ASSIGNMENT
Apart from the pictures, every entry should be reproduced exactly.

+++ DATA TO USE +++

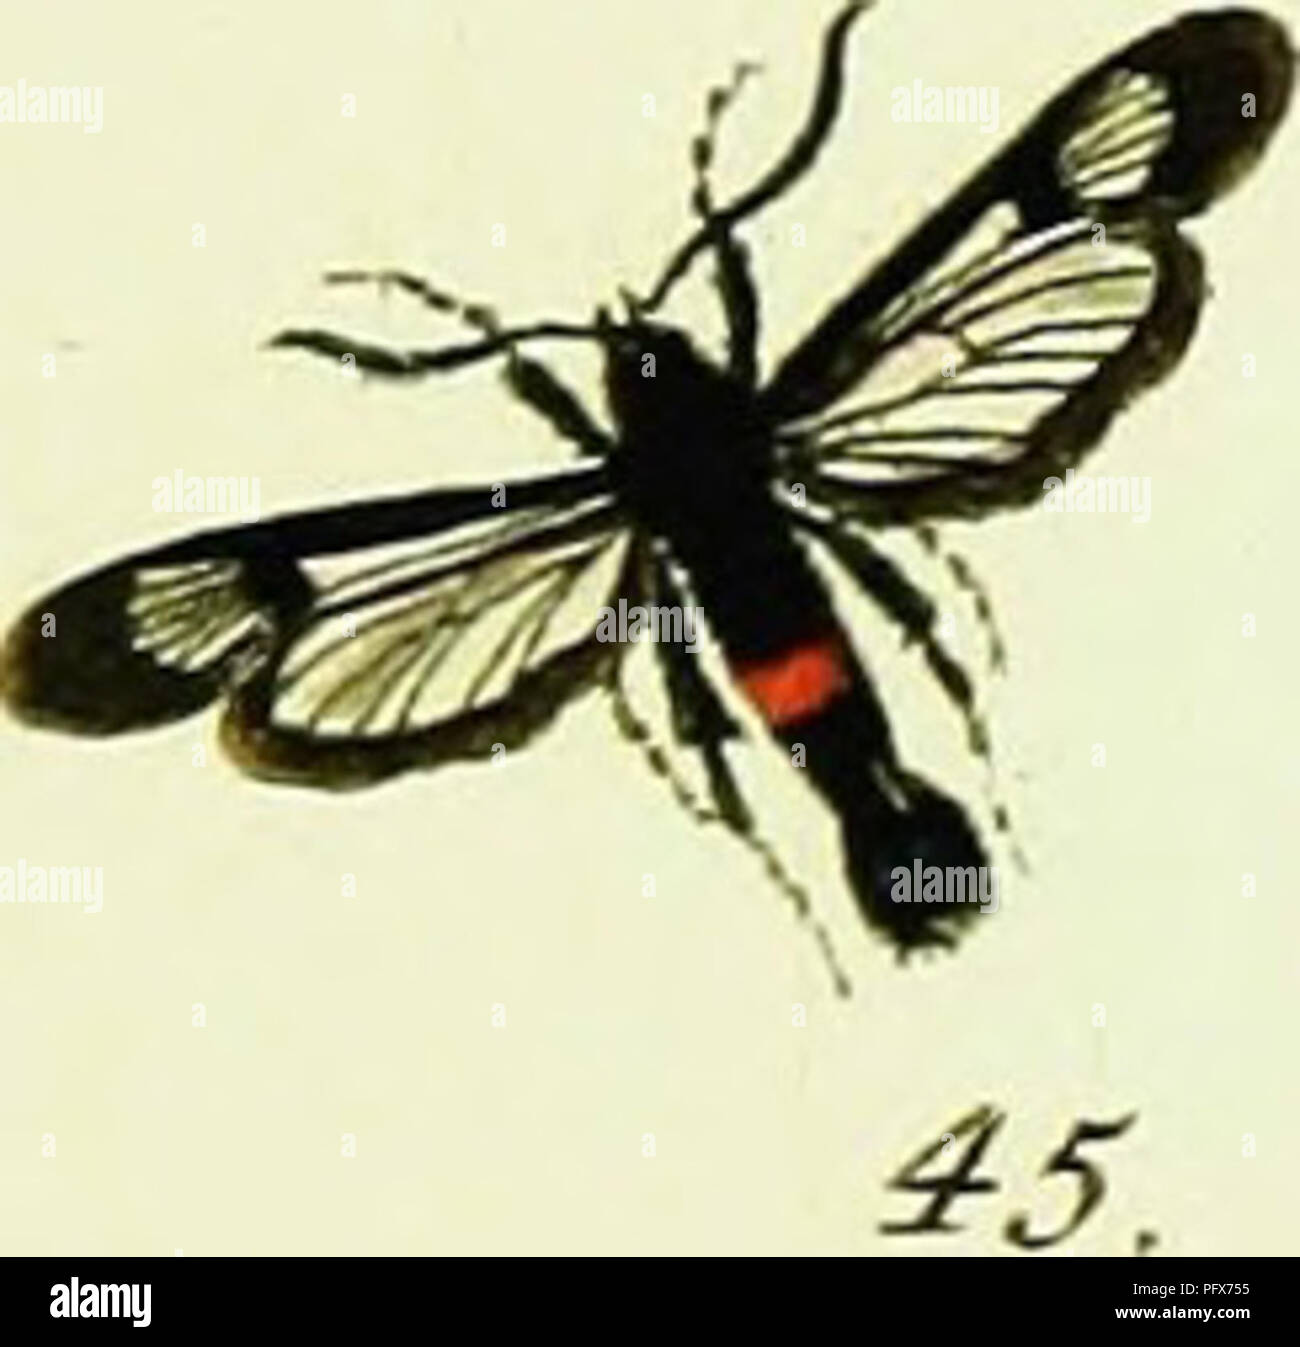 . Hu?bner's papilio [risorsa elettronica]. I lepidotteri. 46.. Si prega di notare che queste immagini vengono estratte dalla pagina sottoposta a scansione di immagini che possono essere state migliorate digitalmente per la leggibilità - Colorazione e aspetto di queste illustrazioni potrebbero non perfettamente assomigliano al lavoro originale. Hu?bner, Giacobbe, 1761-1826. [S. l. : S. n. ] Foto Stock
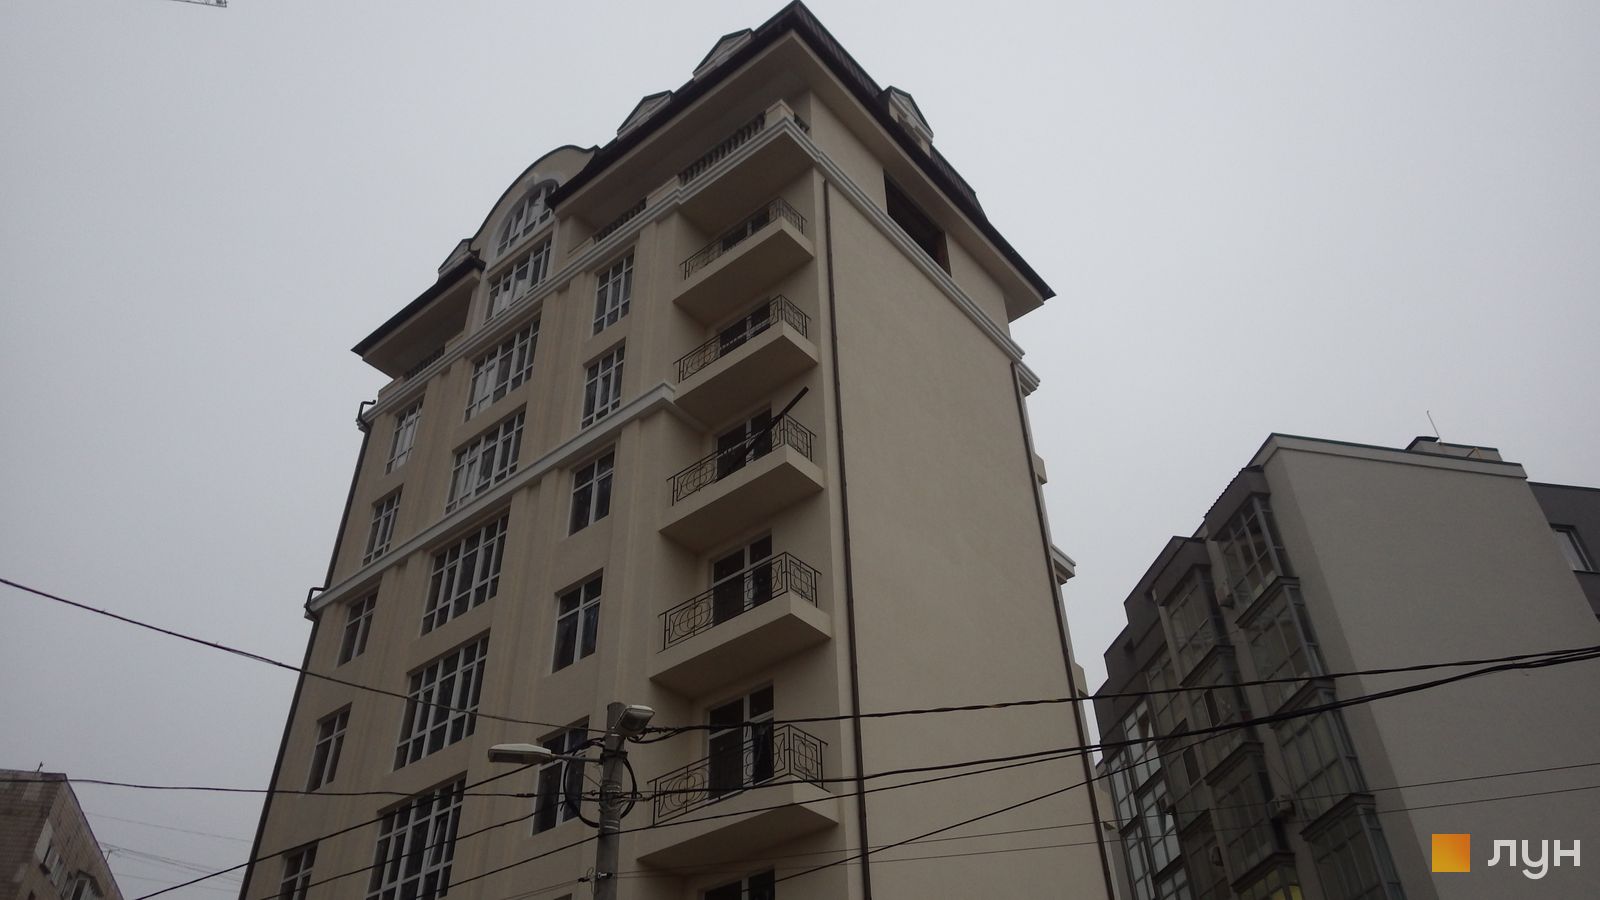 Моніторинг будівництва Клубний будинок „На Соловцова“ - Ракурс 3, листопад 2019
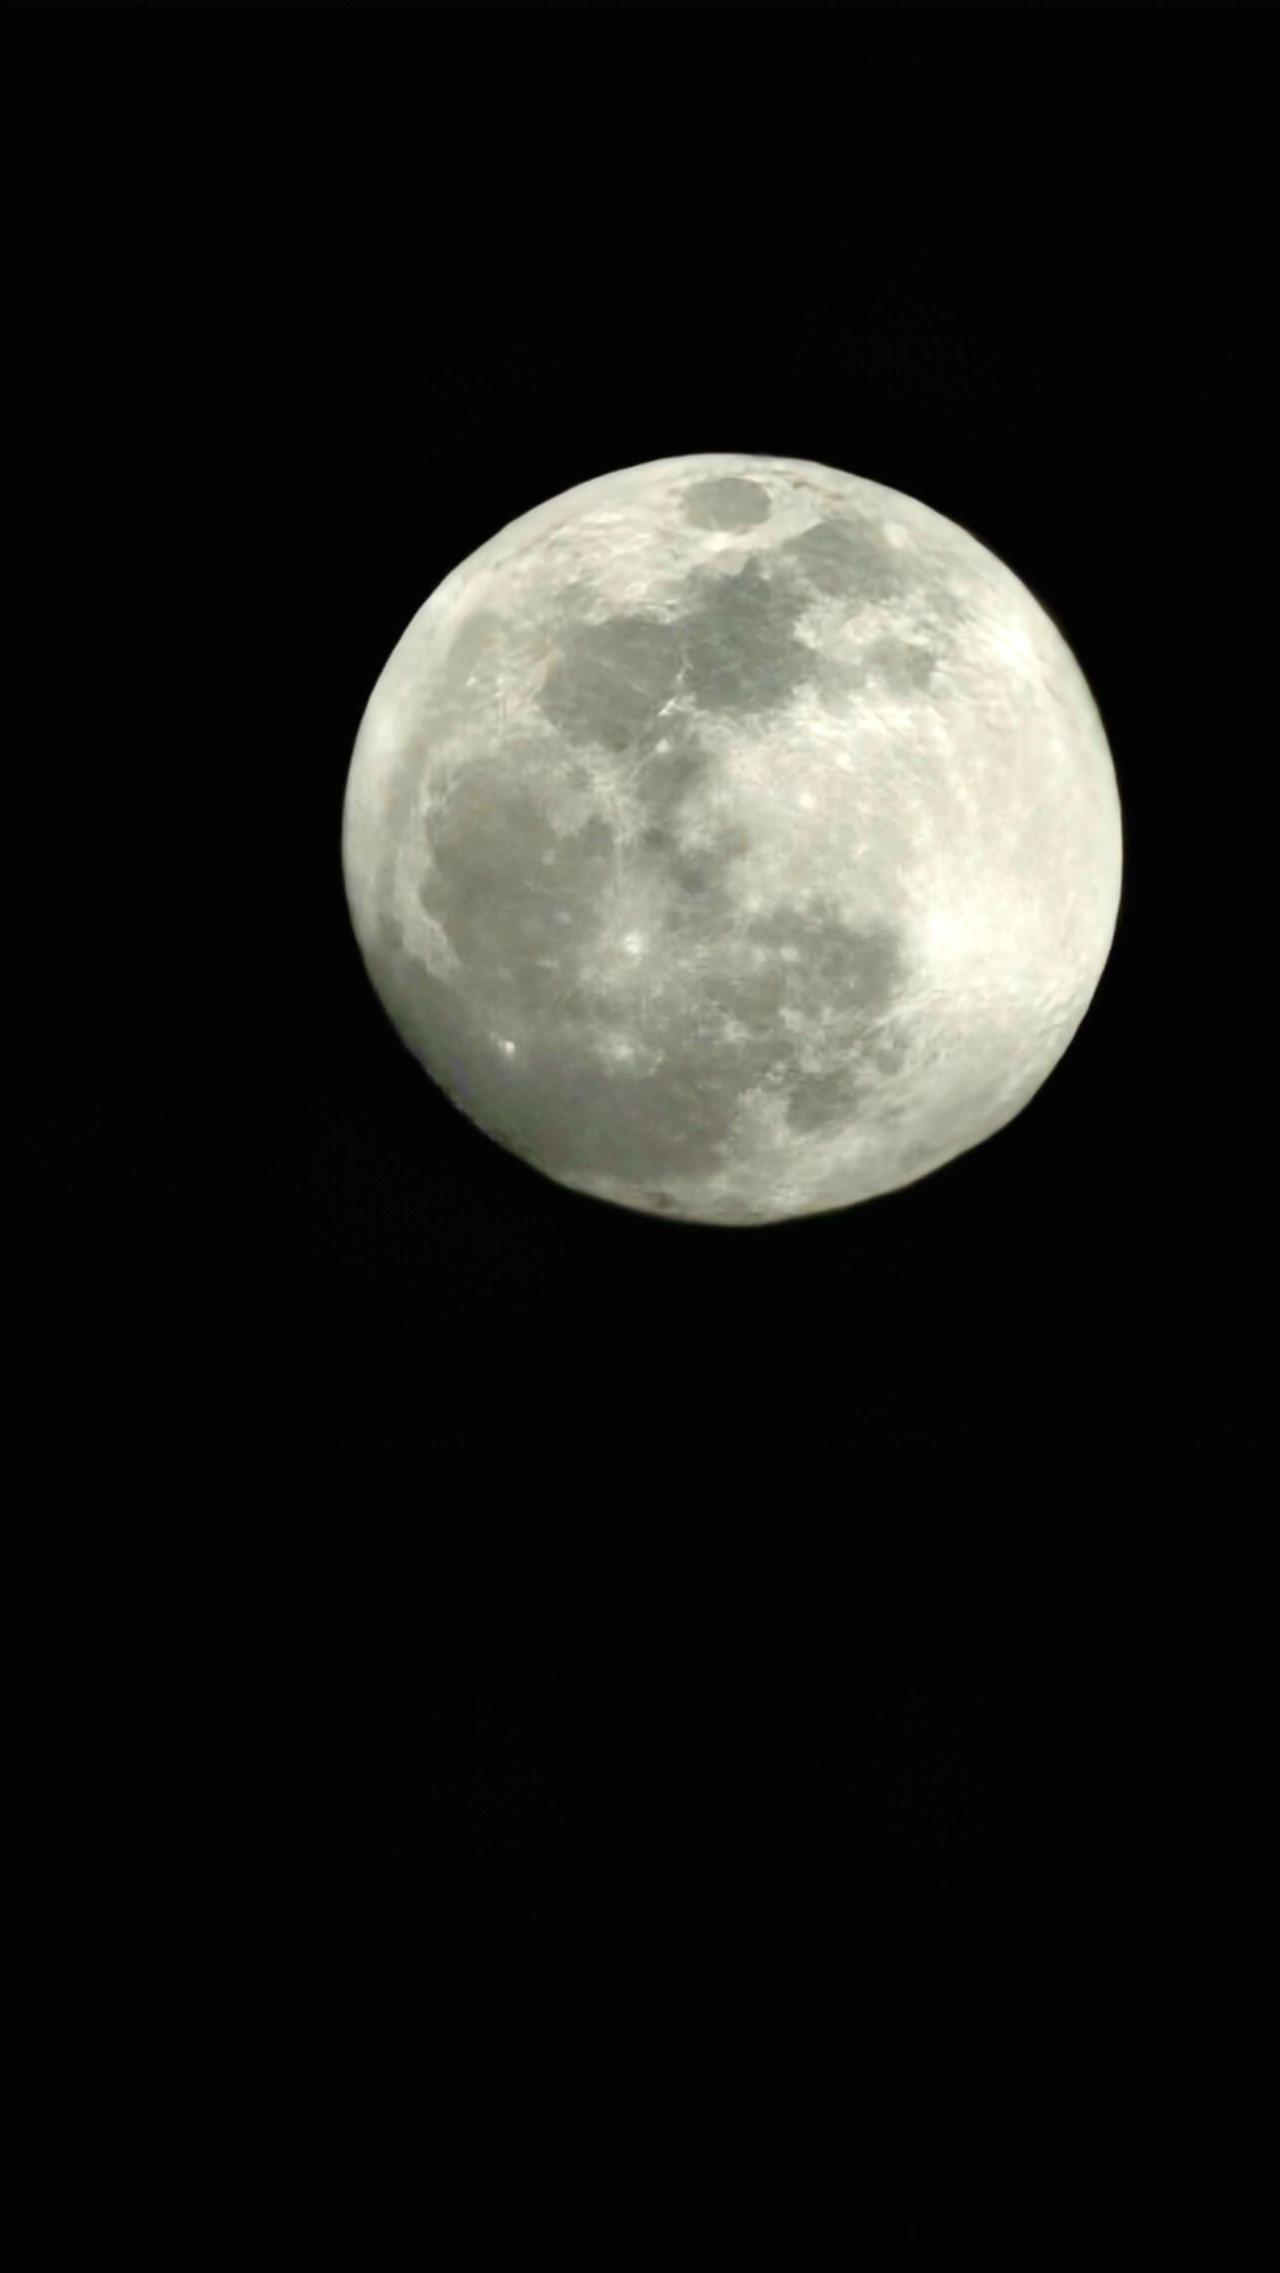 Nombre:  luna.jpg
Visitas: 21
Tamaño: 74.7 KB

+++

ANSWER TO THIS TASK
 . Hu?bner's papilio [risorsa elettronica]. I lepidotteri. 46.. Si prega di notare che queste immagini vengono estratte dalla pagina sottoposta a scansione di immagini che possono essere state migliorate digitalmente per la leggibilità - Colorazione e aspetto di queste illustrazioni potrebbero non perfettamente assomigliano al lavoro originale. Hu?bner, Giacobbe, 1761-1826. [S. l. : S. n. ] Foto Stock
 Моніторинг будівництва Клубний будинок „На Соловцова“ - Ракурс 3, листопад 2019
 Nombre:  luna.jpg
Visitas: 21
Tamaño: 74.7 KB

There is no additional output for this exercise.